If there's channels to listen to what you've written/recorded, I wouldn't think this is silly. He might want to get you for some session work  If he's legit, I'd be flattered haha.


----------



## theo (Jun 30, 2013)

^ Yeah I'm with Pezshreds


----------



## Konfyouzd (Jun 30, 2013)

Sounds borderline sketchy but I also agree w the above posters. No one wants my tired ass riffs. See it through at least a bit further.


----------



## Joshua (Jul 1, 2013)

I'm just gonna end up parroting what the other dudes said. I've had people message me and ask to collaborate several times, so this doesn't seem that odd. Message him back and see what's up


----------



## Leuchty (Jul 1, 2013)

Is he a Prince of Nigeria?


----------



## theo (Jul 1, 2013)

You know his royalty the crown prince Shakalu as well?! 

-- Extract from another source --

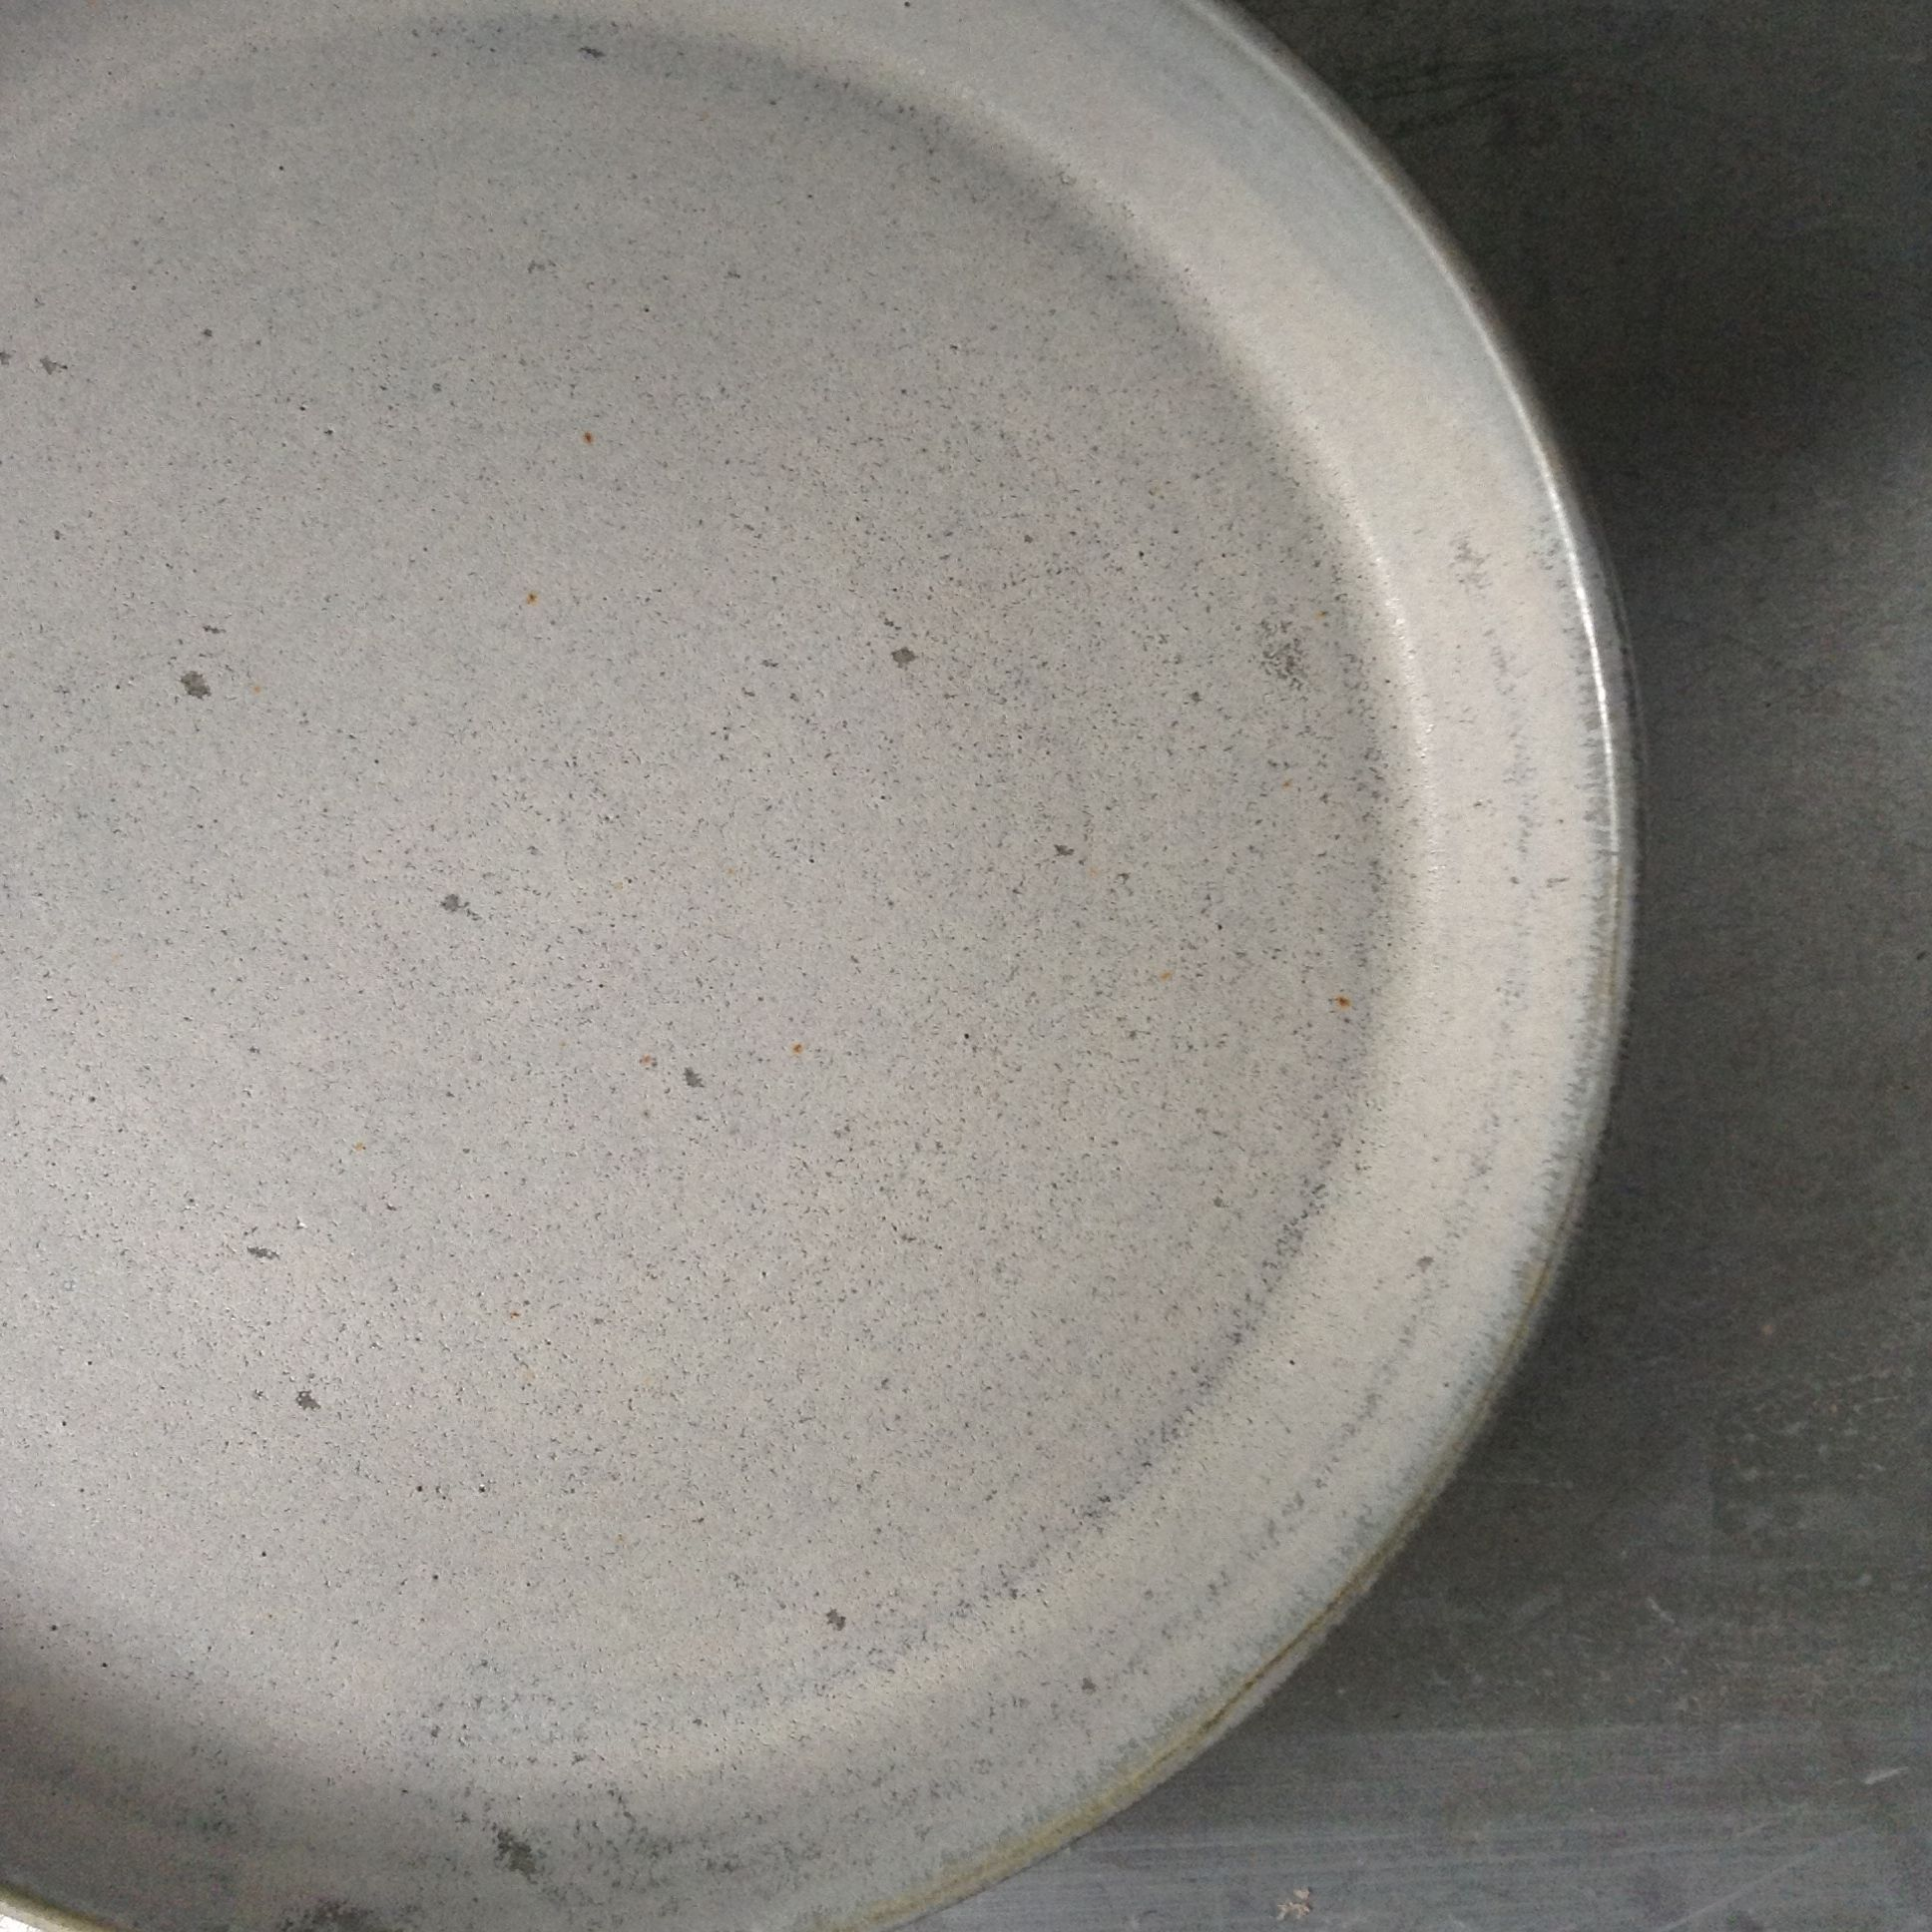 Stone Dinner Plate Speck+Stone stoneware speckandstone.com & Stone Dinner Plate Speck+Stone stoneware speckandstone.com | Speck + ...

I love that guy! we're best buds. Unfortunately his wife has gotten really sick. I'm going to help him out and lend him some money for her treatment as his funds are all tied up in an ongoing investment process, He said he's going to pay me back double within 2 months though as a thank you for helping him.

I'm just happy I can help the guy out... He djents like no other


----------



## gunshow86de (Jul 1, 2013)

Just like a classified listing, I would be wary anytime the phrasing is odd (ie. non-native speaker) and the language is non-specific (ie. they are interested in "your item").


----------